Both sides are content with the improving state of relations. A reciprocal sentiment of trust is beginning to increasingly define the tone of the conversation. There are no problems on the political front. In the economy and energy areas, there is an incredible potential for cooperation. The leadership on both sides are in a position to pragmatically and objectively understand their common interests, and the recently signed package of agreements on a variety of issues during Putin's visit is a reflection of this.
There are two points worth making:
1-In order to realize the potential for expanded and strategic cooperation, the government bureaucracy on both sides has a pivotal role to play. The Russian bureaucracy certainly needs to do its part, which essentially means carefully examining and understanding the Russian leadership's perception of Turkey. The agreements that were recently signed on the Samsun-Ceyhan and Blue Stream 2 projects should be put into practice-postponement would damage the current climate. The customs problems between Turkey and Russia should also be resolved.
2-Turkey is an integral part of Russian foreign policy and the reverse is equally true.
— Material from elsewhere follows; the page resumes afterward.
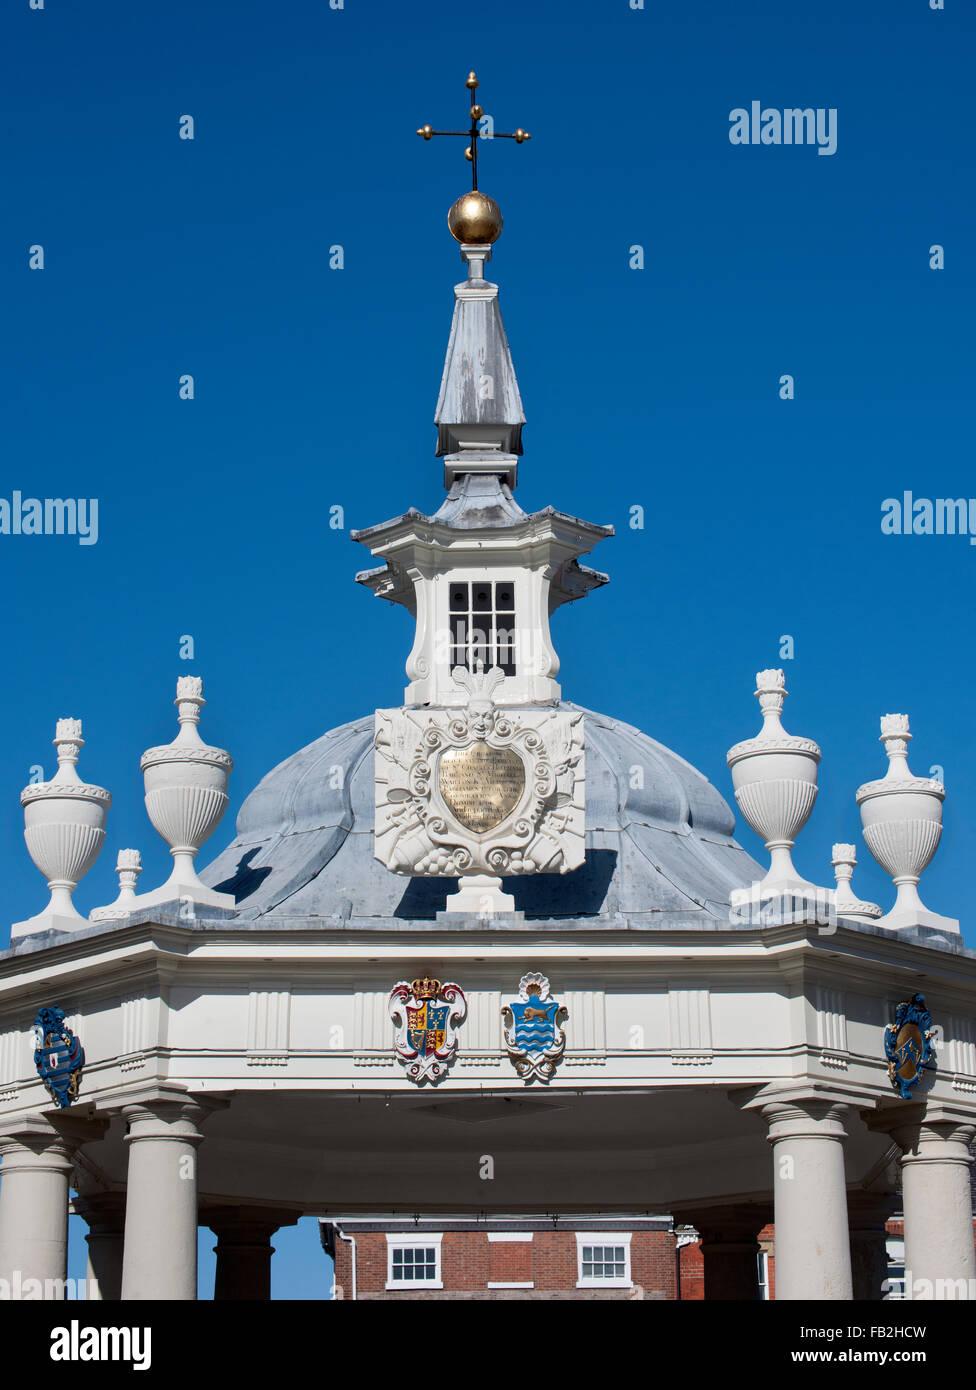 Beverley Bandstand, Market Place, Beverley, Yorkshire, England, UK. - Stock Image

Maintaining and building upon improved bilateral relations and establishing reciprocal dependency on the basis of shared goals will serve the best interest of both sides in the long term. To move beyond tactics to long term strategies for the region, both sides should perceive of the other within this framework. Opting instead for one-sided dependency and shortsighted attempts to undermine the other's interests will result in new bottlenecks-and threatens to destabilize an important partnership.
If relations are to continue on a positive trend, this is possible on the basis of mutually beneficial policy ‘packages.' At this point, meticulous, conscious and accommodating behavior on both sides is critical.
The Russian-Georgian War of August 2008 directly affected Turkey. While Turkey supports the territorial integrity of Georgia, it has trade relations with Abkhazia, which declared its independence from Georgia. Tbilisi has seized merchant ships travelling from Turkey to Abkhazia in order to prevent the trade. Approximately 100 Turkish merchant ships that were seized by Georgia have forced Ankara's hand to re-evaluate its Caucasus policy.
Russia's Approach
The Russian leadership perceives relations with Turkey as solid and long-term. The appointment of Igor Sechin, Russia's deputy premier responsible for energy and a close ally of Putin, to the position of co-chair of the Turkish-Russian Joint Economic Commission is a reflection of this outlook. The accelerated pace of bilateral economic and energy cooperation following his selection is an indication that a good choice has been made.
Surely, while Russia is emphasizing the role of the United Nations as part of the discourse on a multi-polar international structure, it practices a policy of balancing the role of the United States and NATO through improving bilateral relations with Western states. One of the main pillars of such an approach clearly involves Turkey. Consequently, improving relations with Turkey is not a tactical move but a strategic choice; therefore, the current level of relations is not a coincidence. On the other hand, if Russia continues to define its relations with Turkey only in these terms, there will be problems down the line. Mutual interests should be the central feature laying out the future of relations, and an "us versus them" kind of imposition must be avoided. If it is not, then the understanding of a trusted partnership may be irrevocably harmed, with the result that both sides will be at a loss.